WORKING DATA START
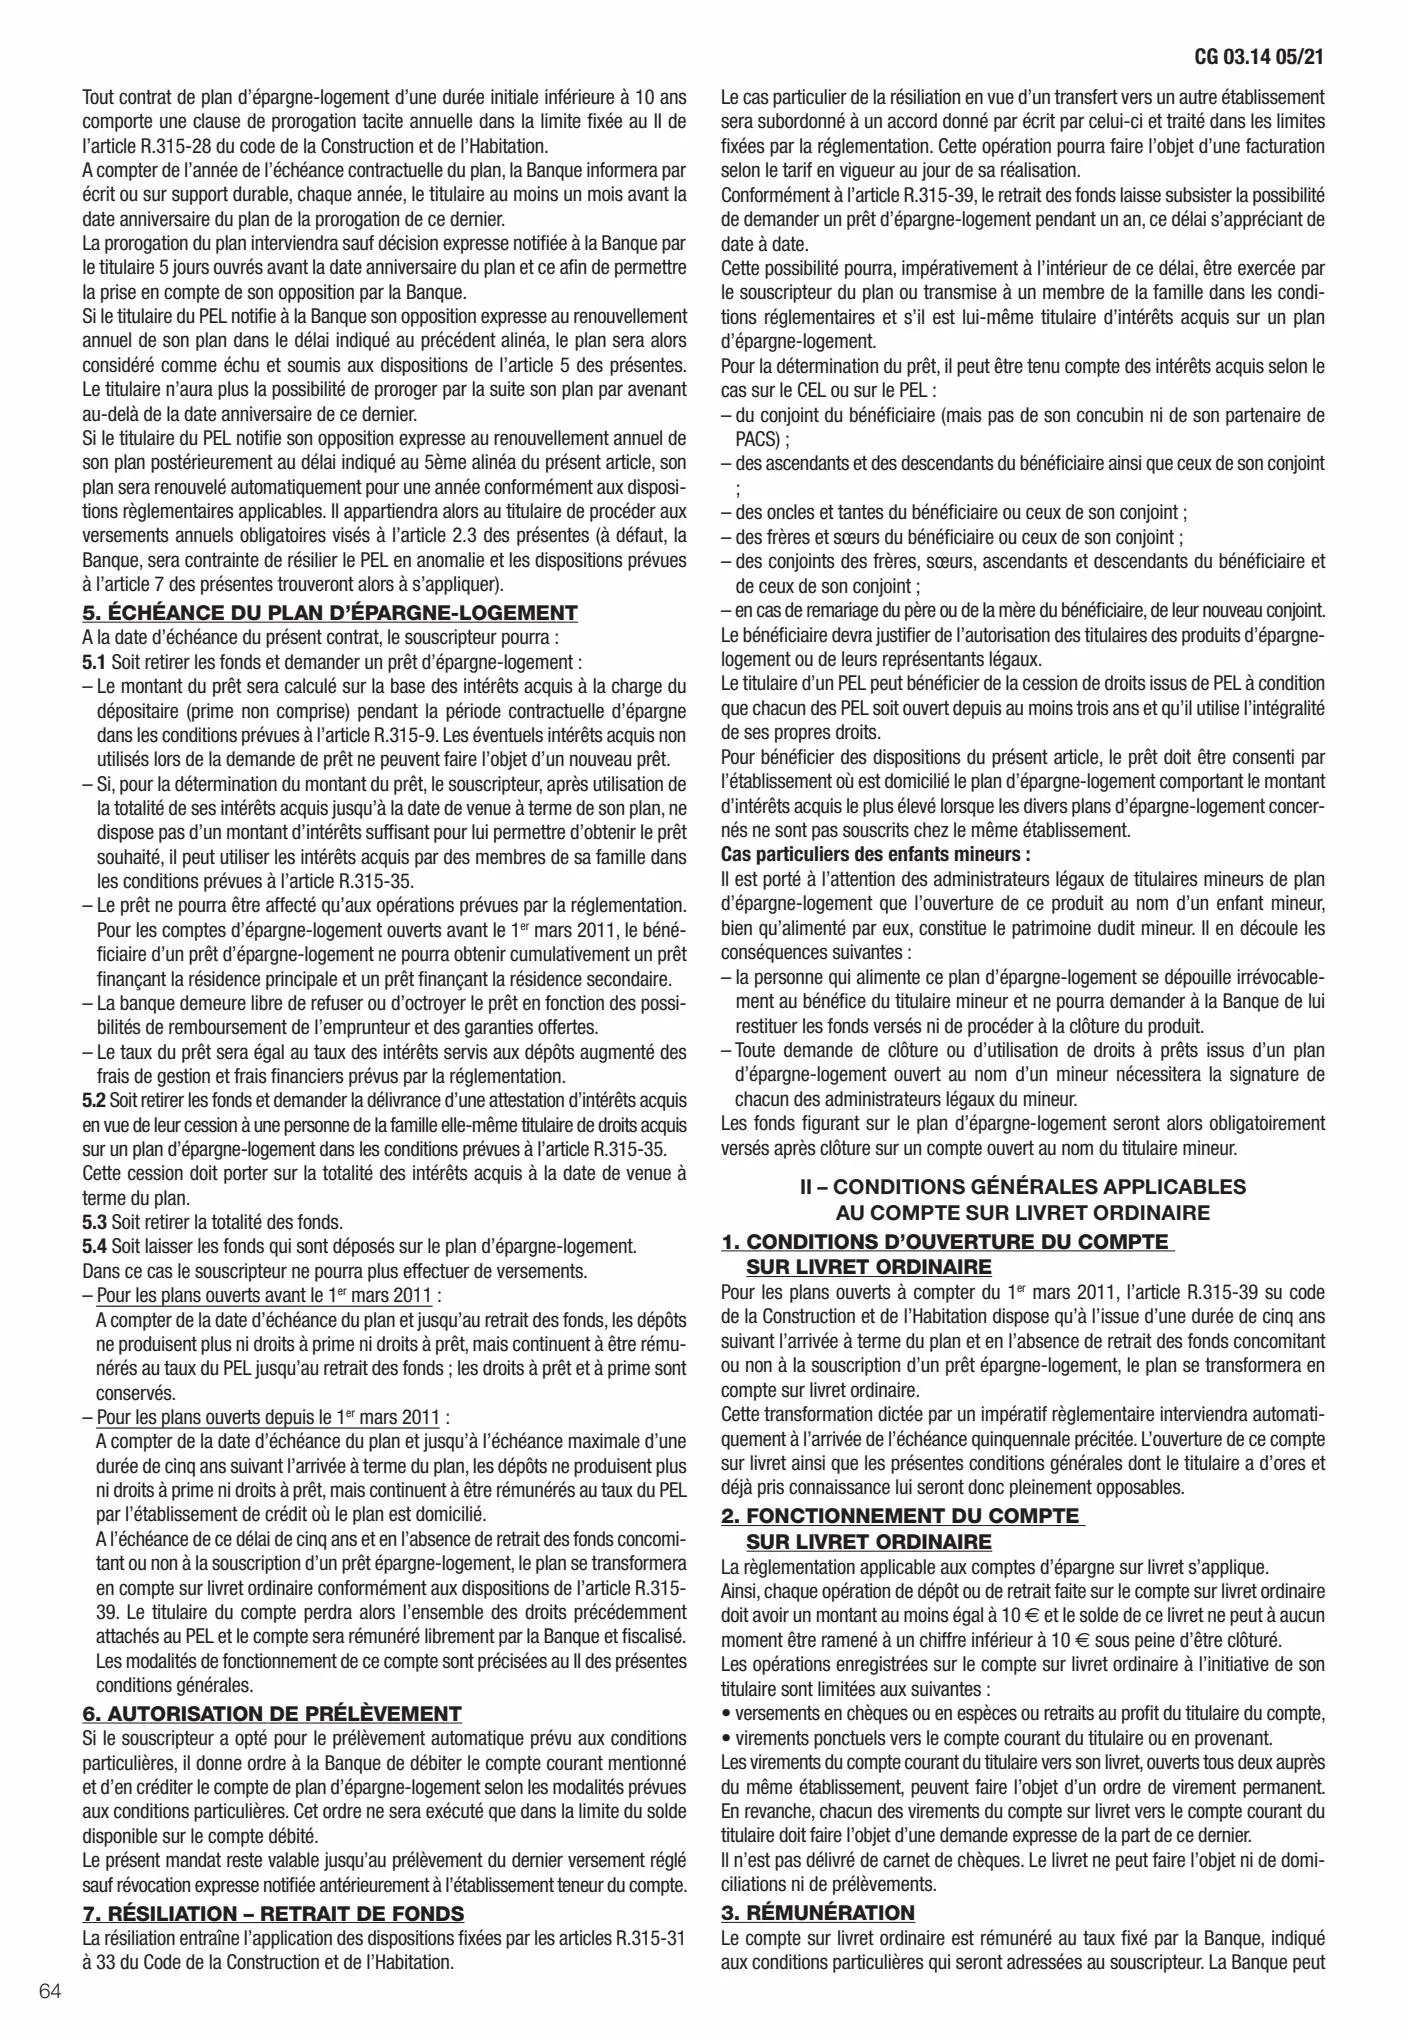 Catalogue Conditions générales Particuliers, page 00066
WORKING DATA END
WORKING DATA START
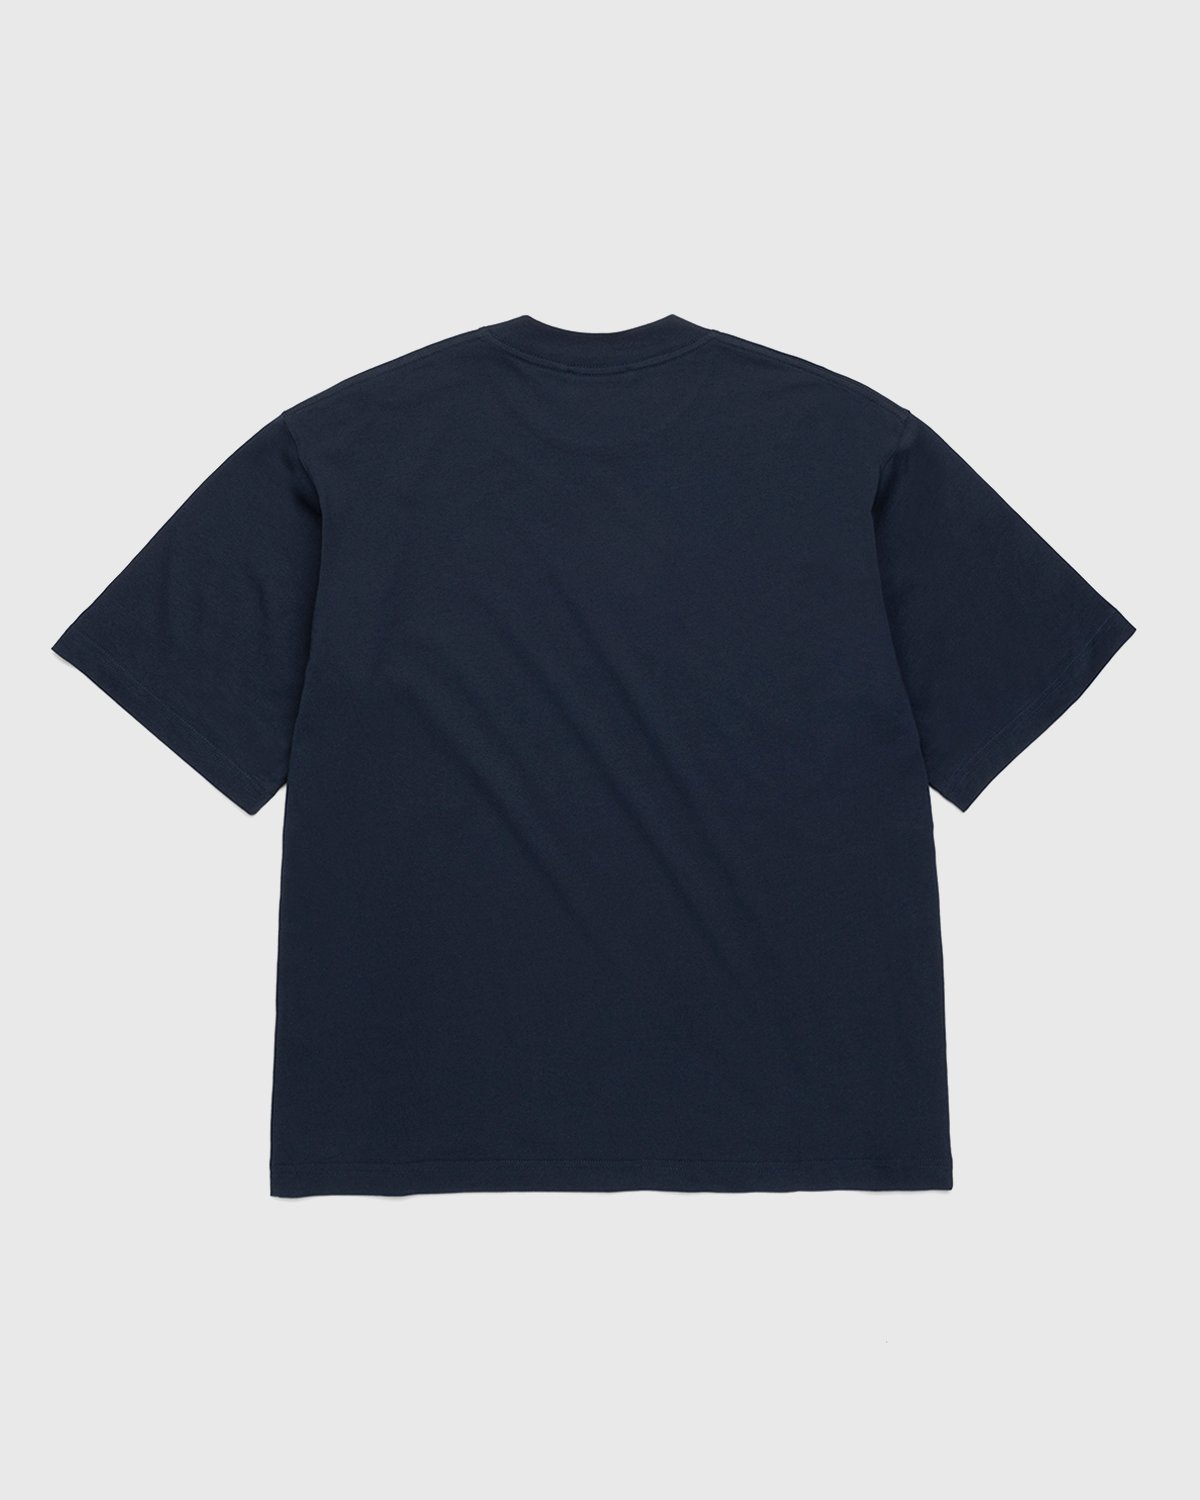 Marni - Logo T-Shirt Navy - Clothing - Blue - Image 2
WORKING DATA END
WORKING DATA START
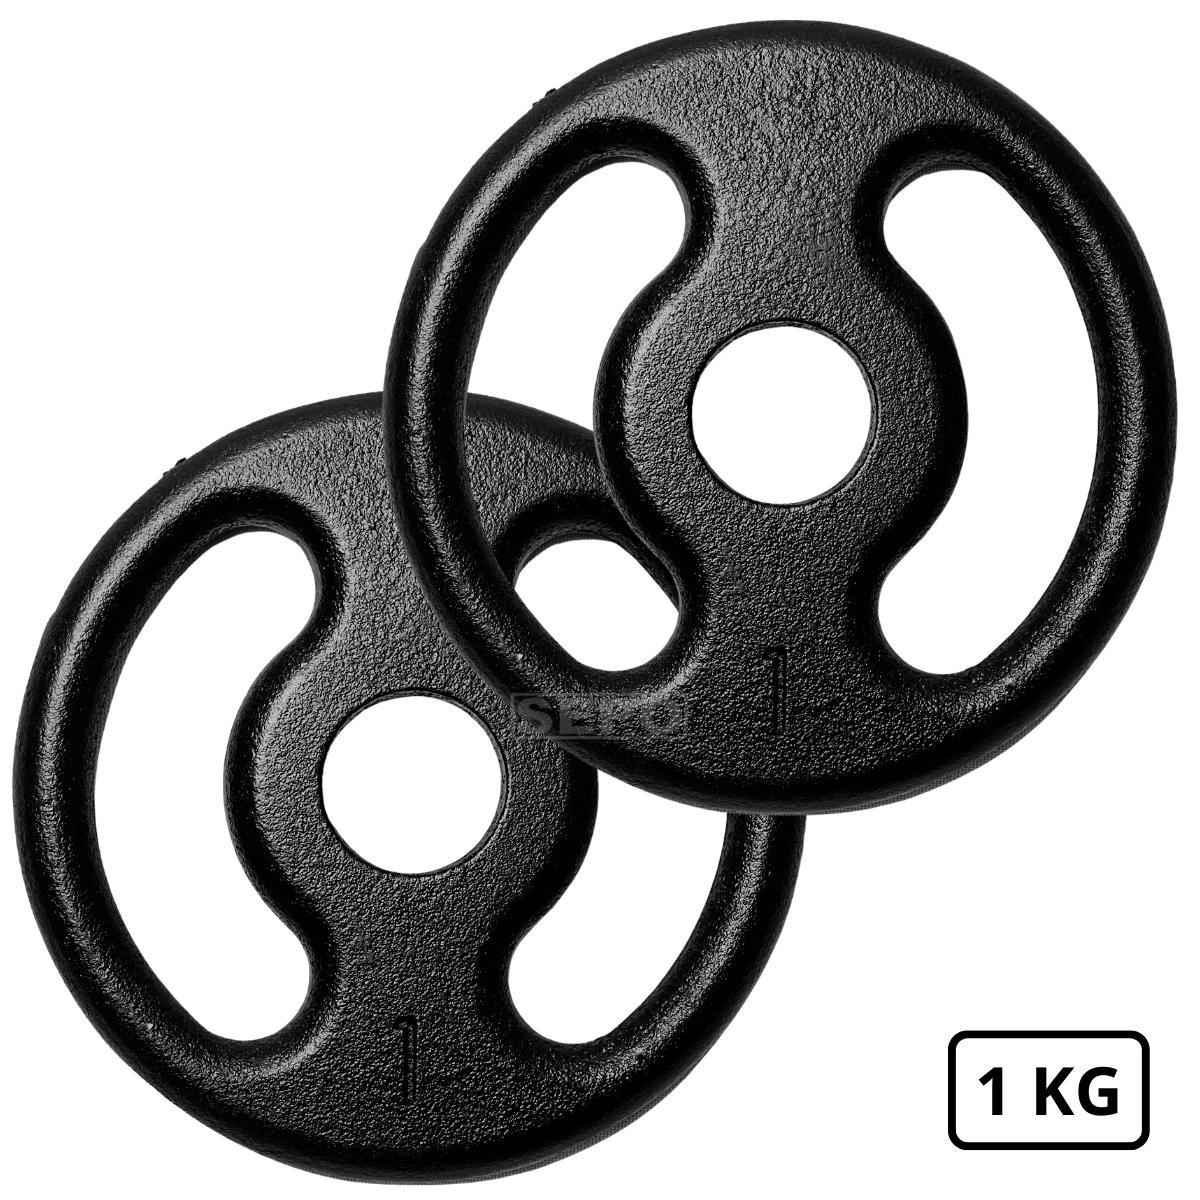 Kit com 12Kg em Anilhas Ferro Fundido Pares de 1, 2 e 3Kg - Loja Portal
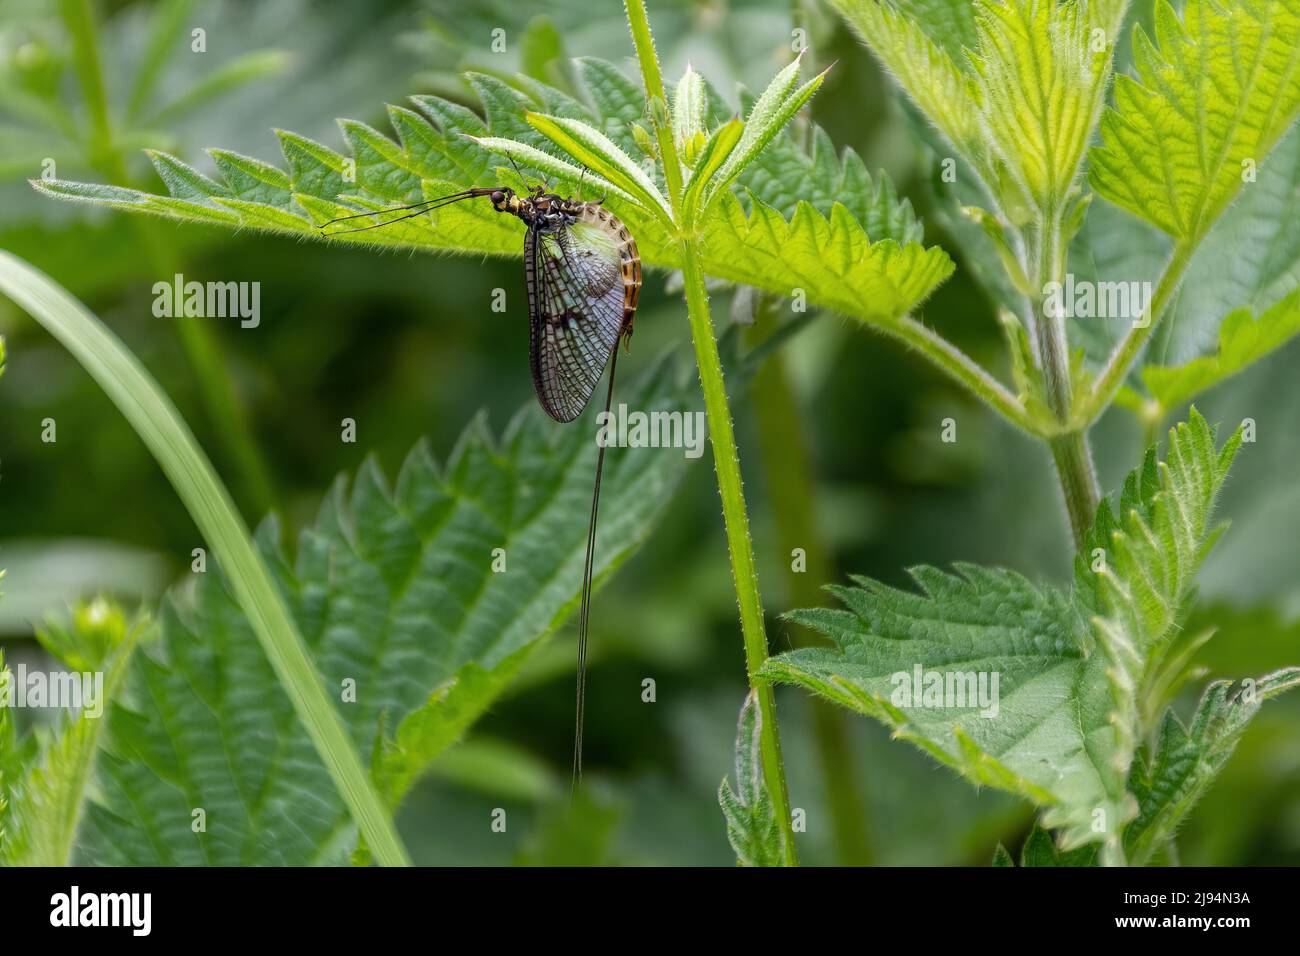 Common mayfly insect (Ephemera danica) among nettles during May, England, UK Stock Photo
WORKING DATA END
EXERCISE REQUIREMENTS :: In the listing above, find the line holding "Kit com 12Kg" and the line holding "Common mayfly insect". Reproduce those two lines and all between them exactly, leaving out pictures.

RESULT OF THIS TASK ::
 Kit com 12Kg em Anilhas Ferro Fundido Pares de 1, 2 e 3Kg - Loja Portal
 Common mayfly insect (Ephemera danica) among nettles during May, England, UK Stock Photo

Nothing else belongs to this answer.